PROBLEM:
Although the data below holds other lines too, output only those from the line with "McLaren 650S GT3 by Levon" up to and including the line with "Smart Tivi Samsung", exactly as they appear.

START DATASET RECORDS

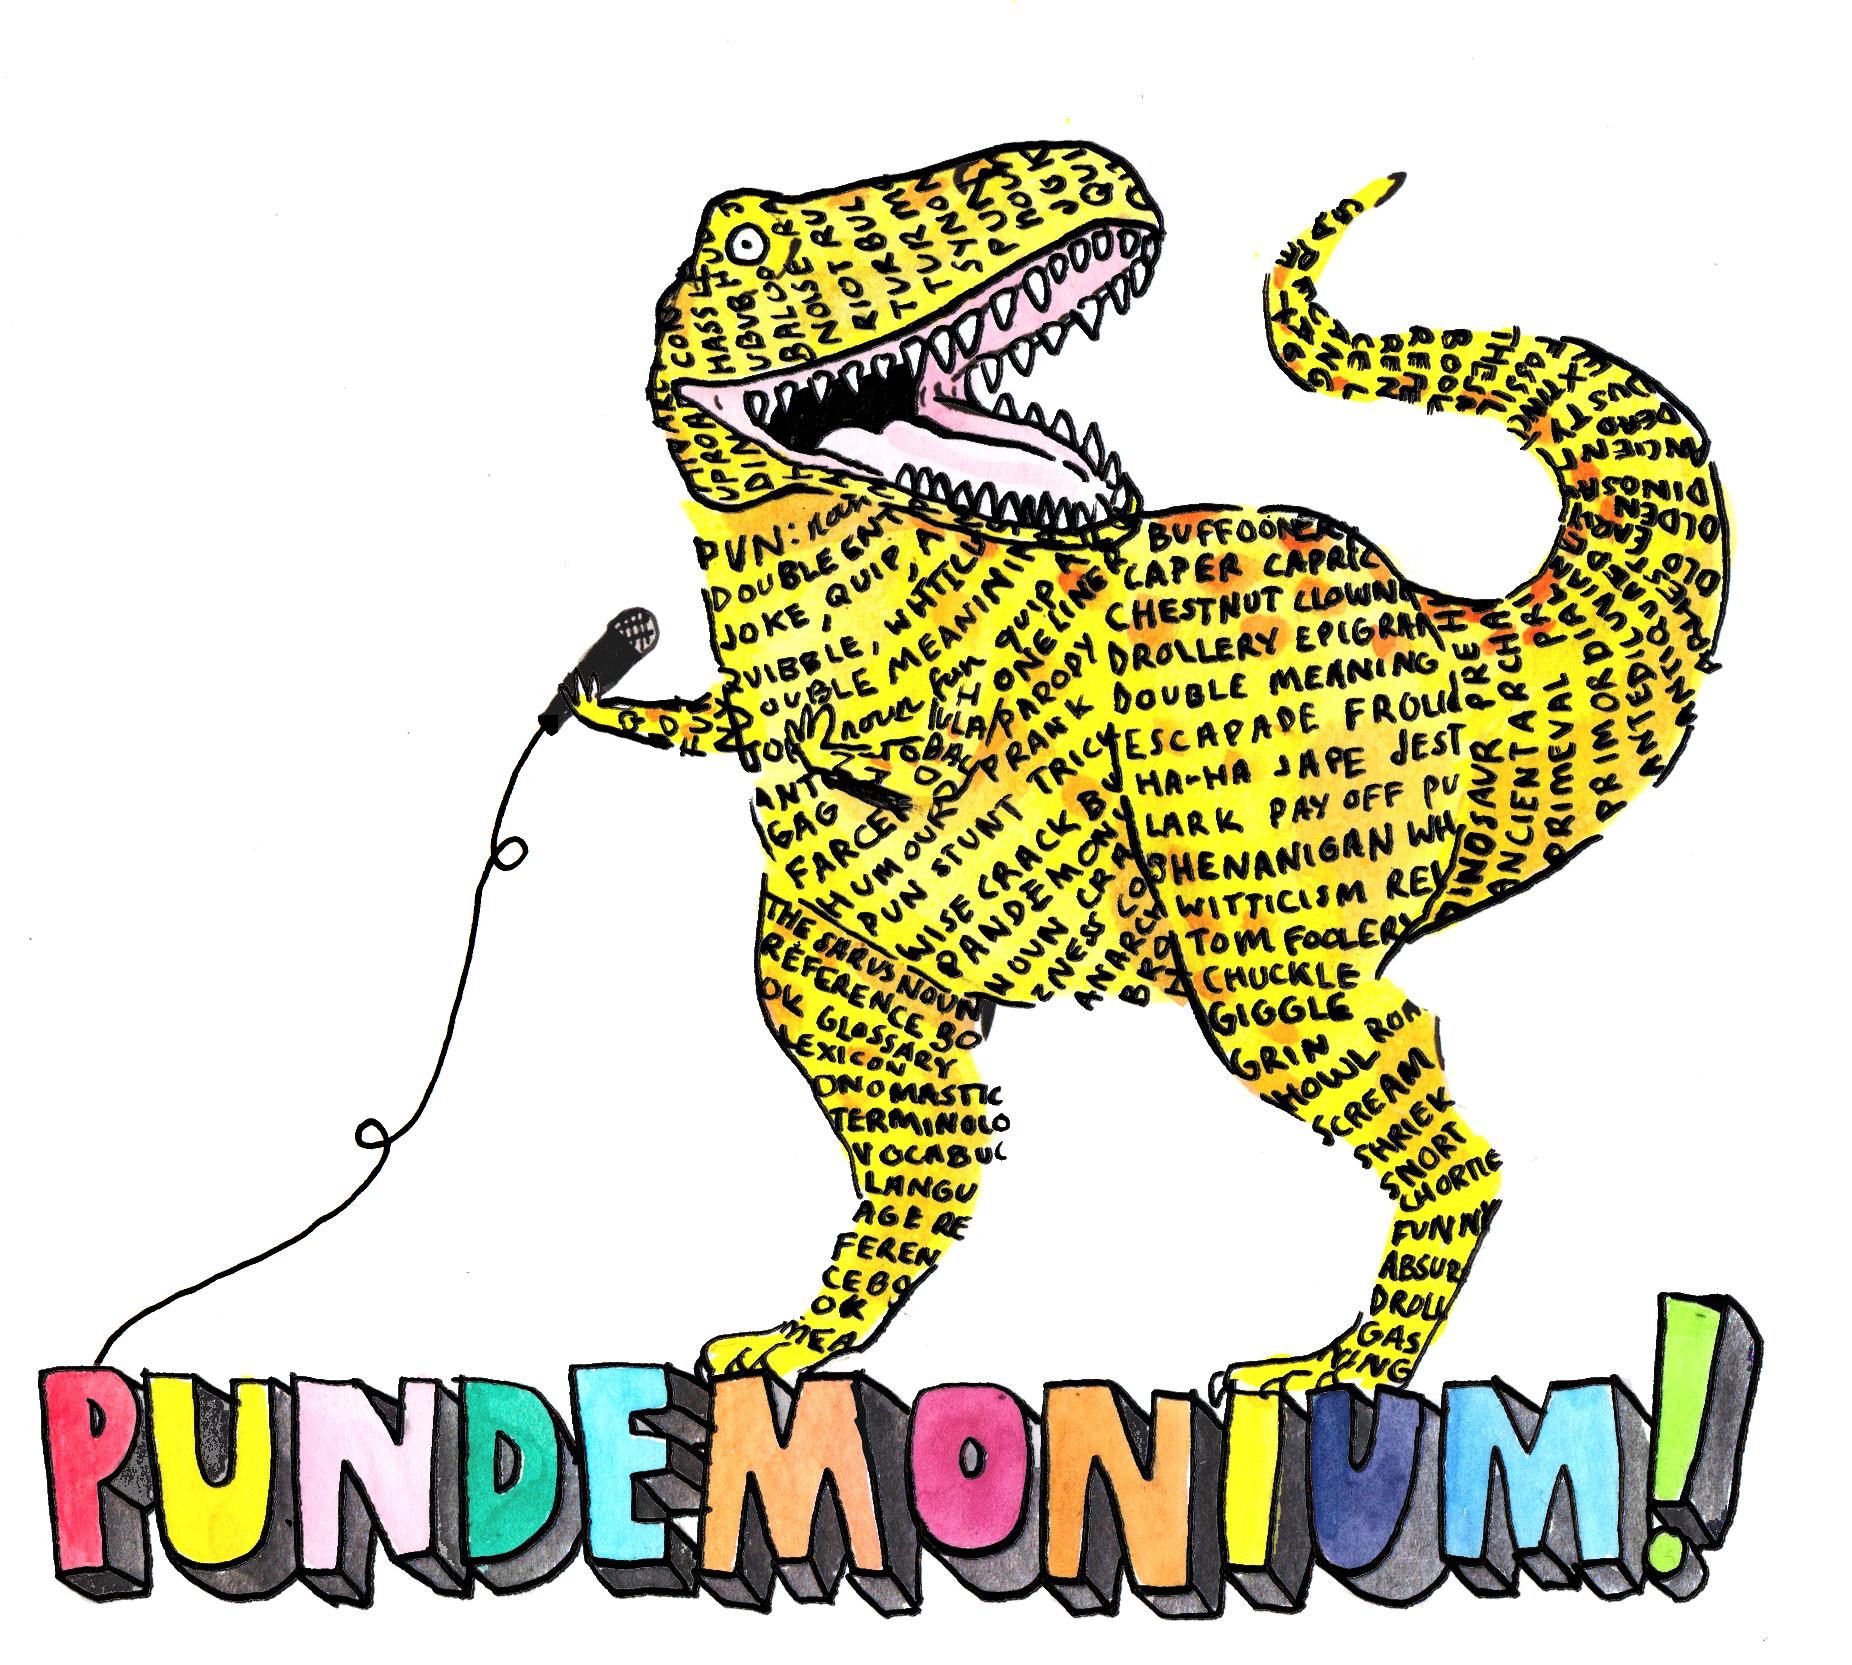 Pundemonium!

END DATASET RECORDS
START DATASET RECORDS

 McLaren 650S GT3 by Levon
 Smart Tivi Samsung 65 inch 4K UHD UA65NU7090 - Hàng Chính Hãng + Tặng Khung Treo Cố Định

END DATASET RECORDS

TASK OUTPUT:
 McLaren 650S GT3 by Levon
 Smart Tivi Samsung 65 inch 4K UHD UA65NU7090 - Hàng Chính Hãng + Tặng Khung Treo Cố Định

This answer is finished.